From top to bottom, write out the listing exactly and skip every picture.

Dataset section.
────────────────────────────────────────

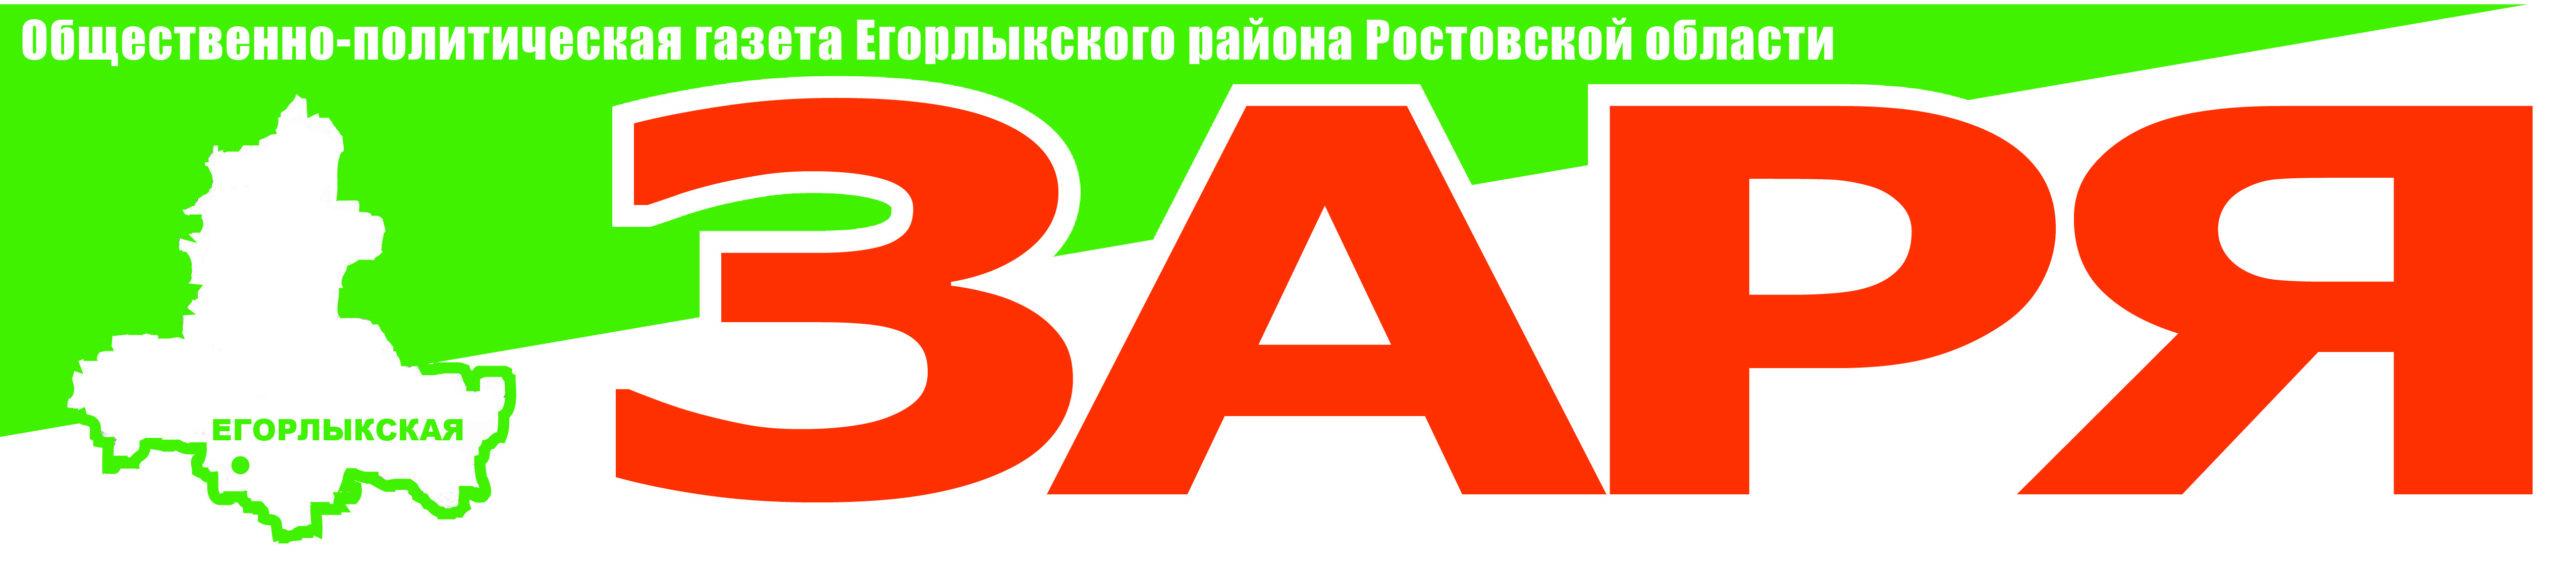 Подпишись на газету «Зарю» онлайн!
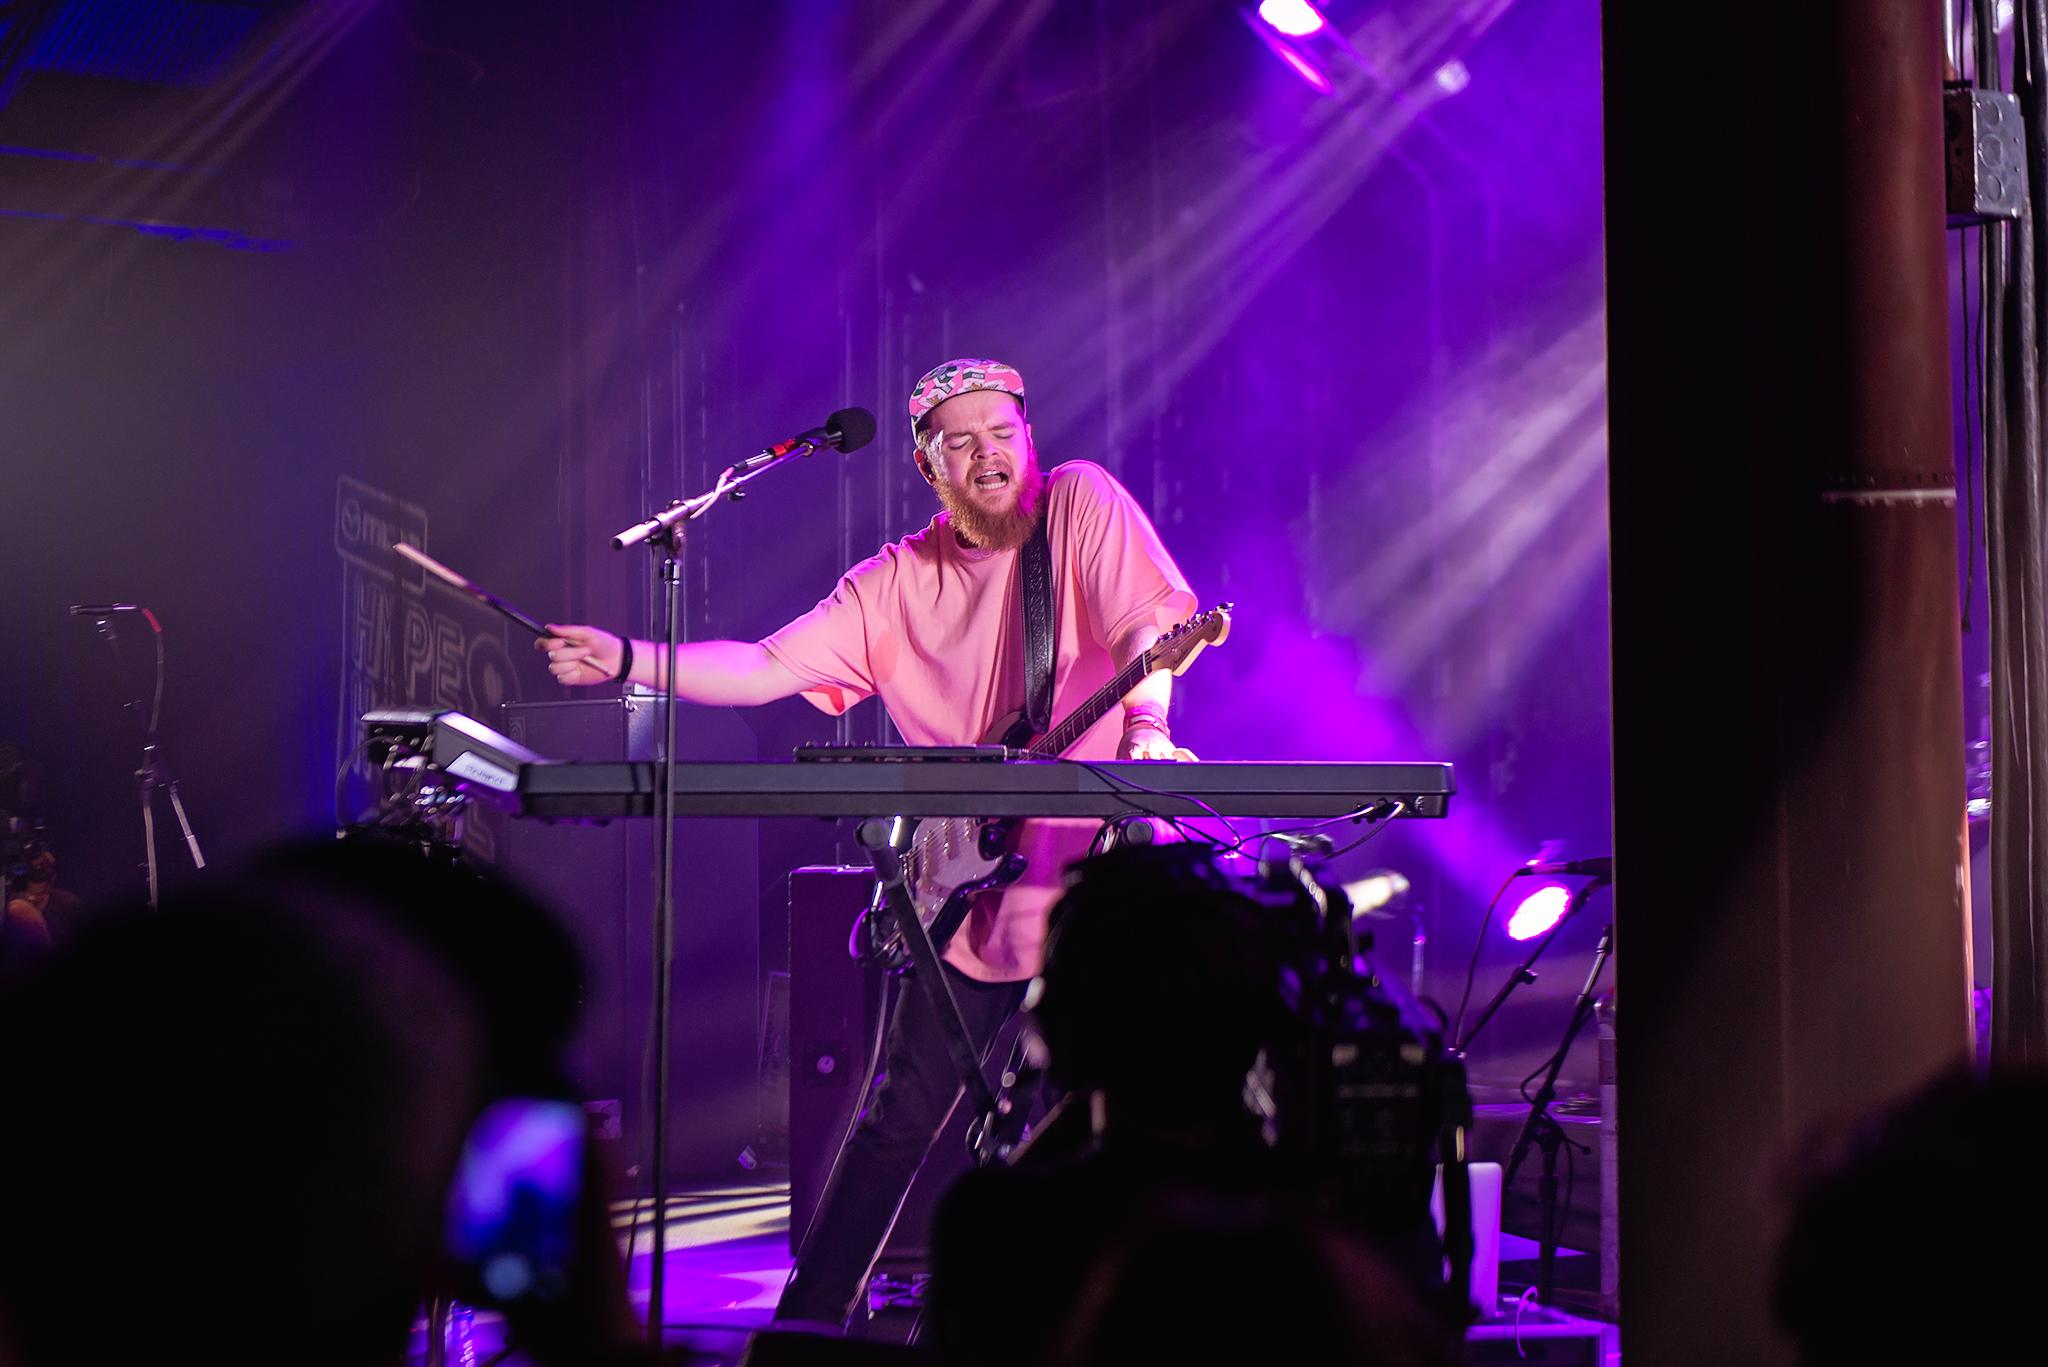 Austin-Concert-Photographer-Jack-Garratt-SXSW-Hype-Hotel-3.jpg
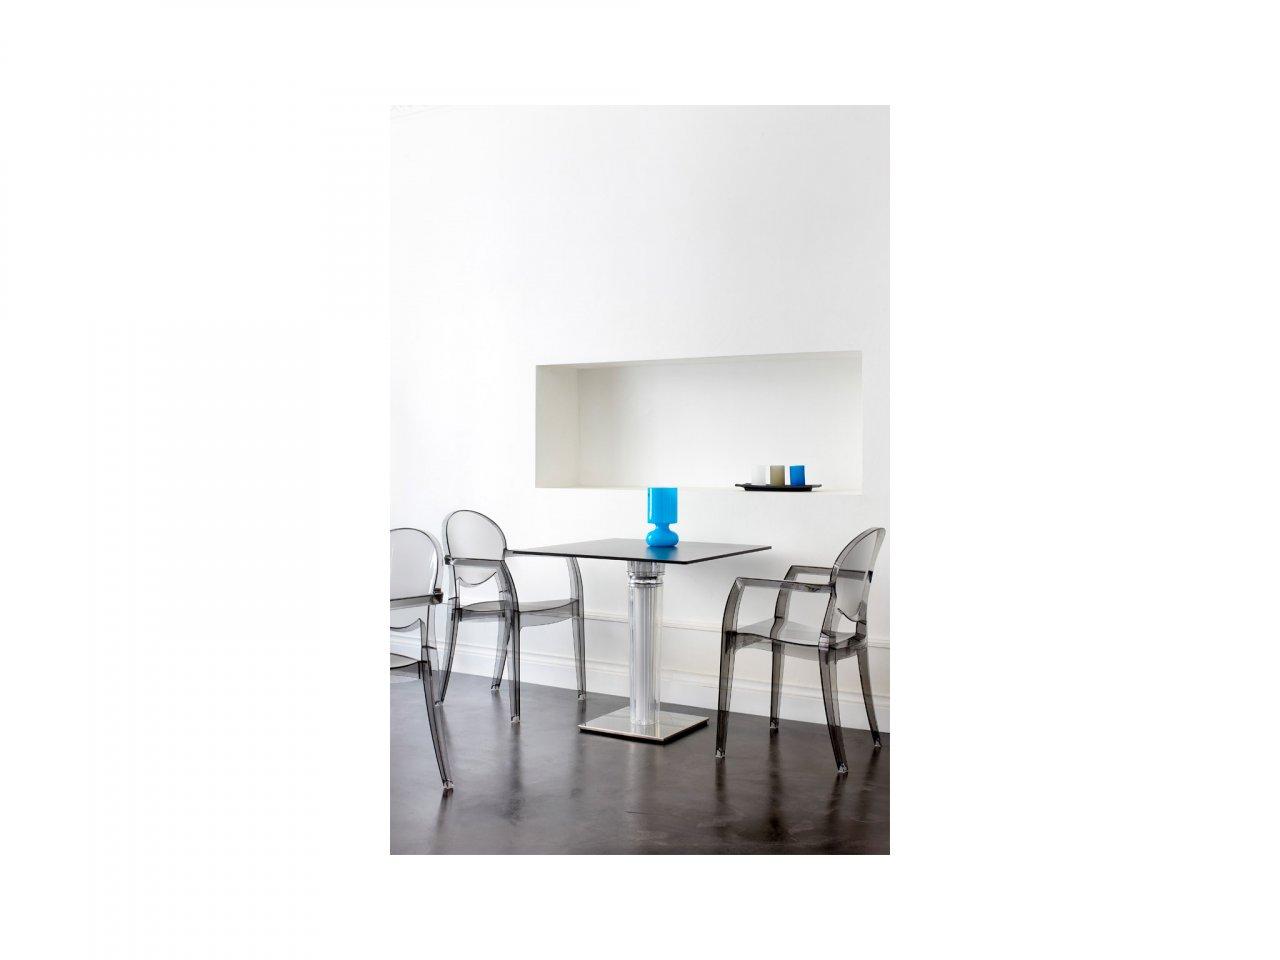 Sedia Con Braccioli Igloo - v3

────────────────────────────────────────

Exercise output.
 Подпишись на газету «Зарю» онлайн!
 Austin-Concert-Photographer-Jack-Garratt-SXSW-Hype-Hotel-3.jpg
 Sedia Con Braccioli Igloo - v3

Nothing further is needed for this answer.